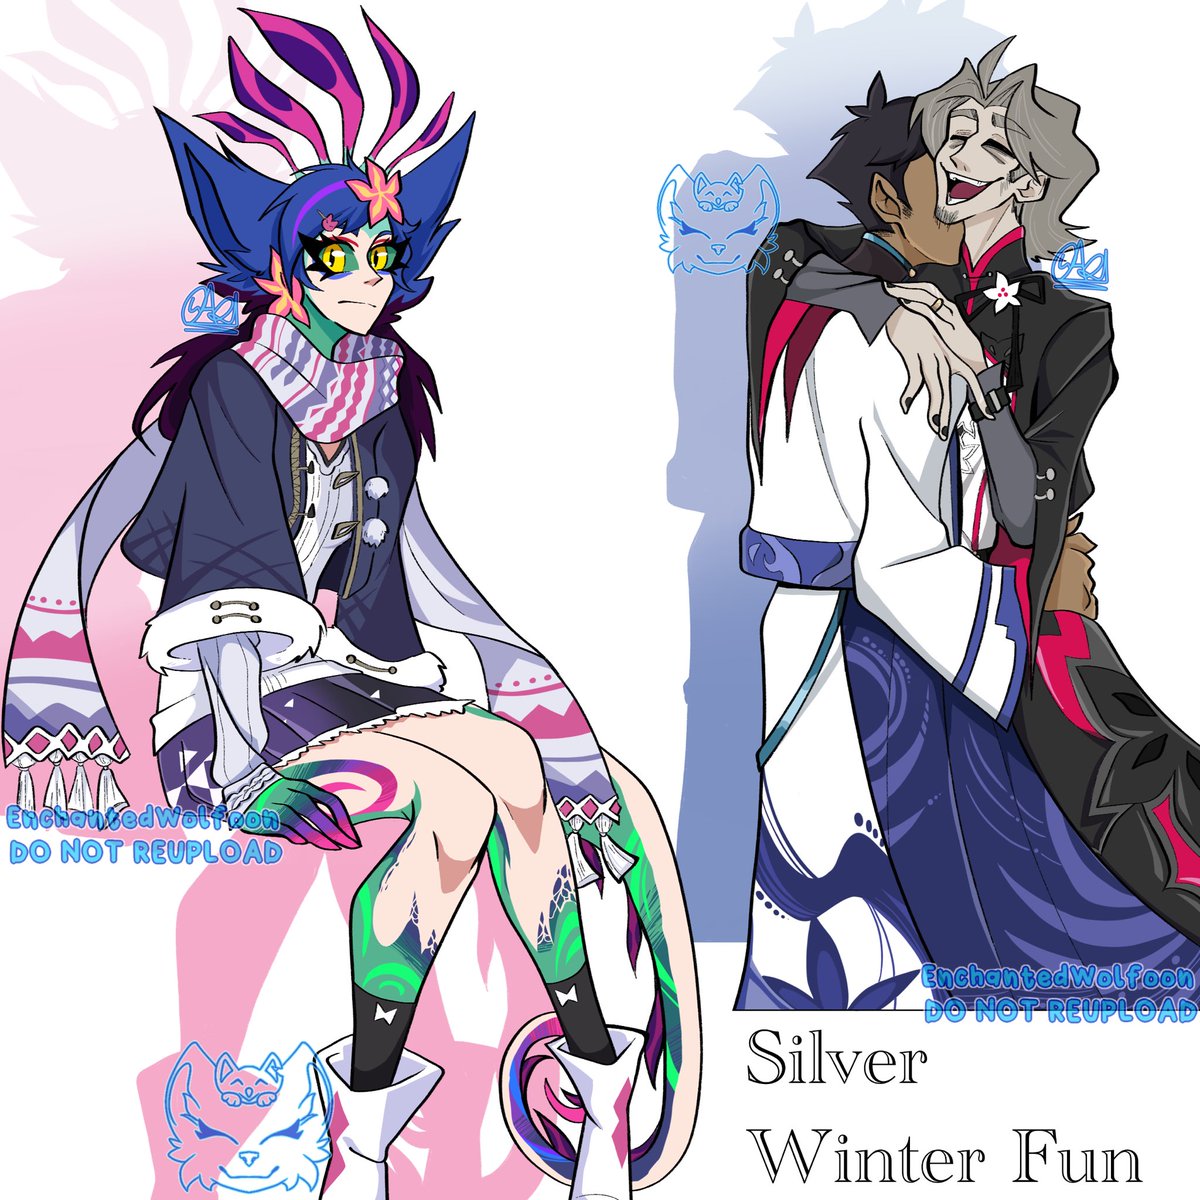 Silver Winter Fun ft. Neeko, Shaco & Jhin

Unmasked Jhin & Shaco designs by Okamisai
#neeko #shaco #jhin #ArtofLegends
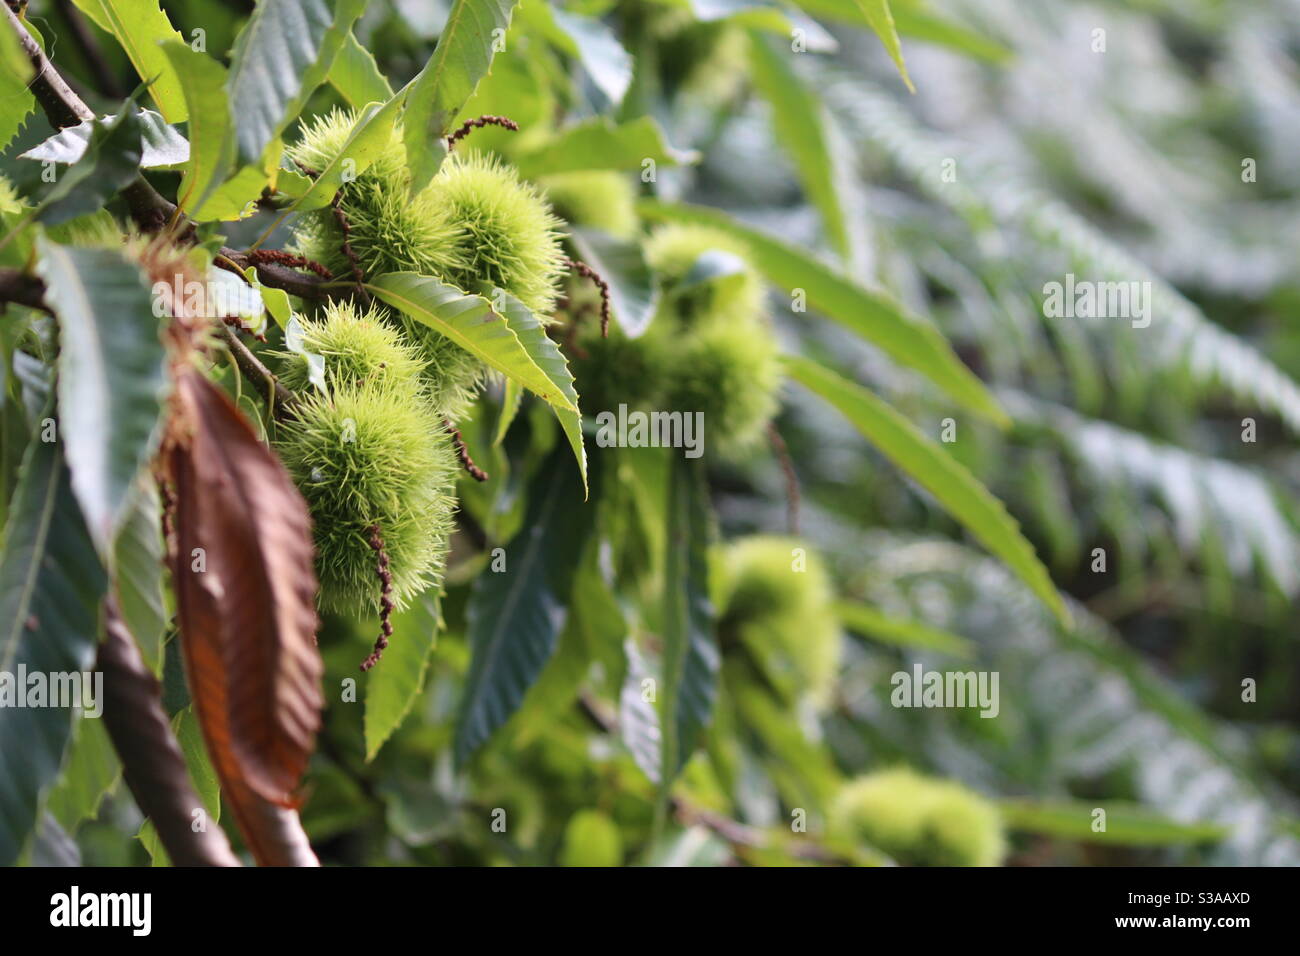 Horse chestnut (Aesculus hippocastanum) seed cases at RSPB Arne Stock Photo
-------------------------
Exercise instructions:
Reproduce all the material exactly, omitting images.

Written reply:
 Silver Winter Fun ft. Neeko, Shaco & Jhin

Unmasked Jhin & Shaco designs by Okamisai
#neeko #shaco #jhin #ArtofLegends
 Horse chestnut (Aesculus hippocastanum) seed cases at RSPB Arne Stock Photo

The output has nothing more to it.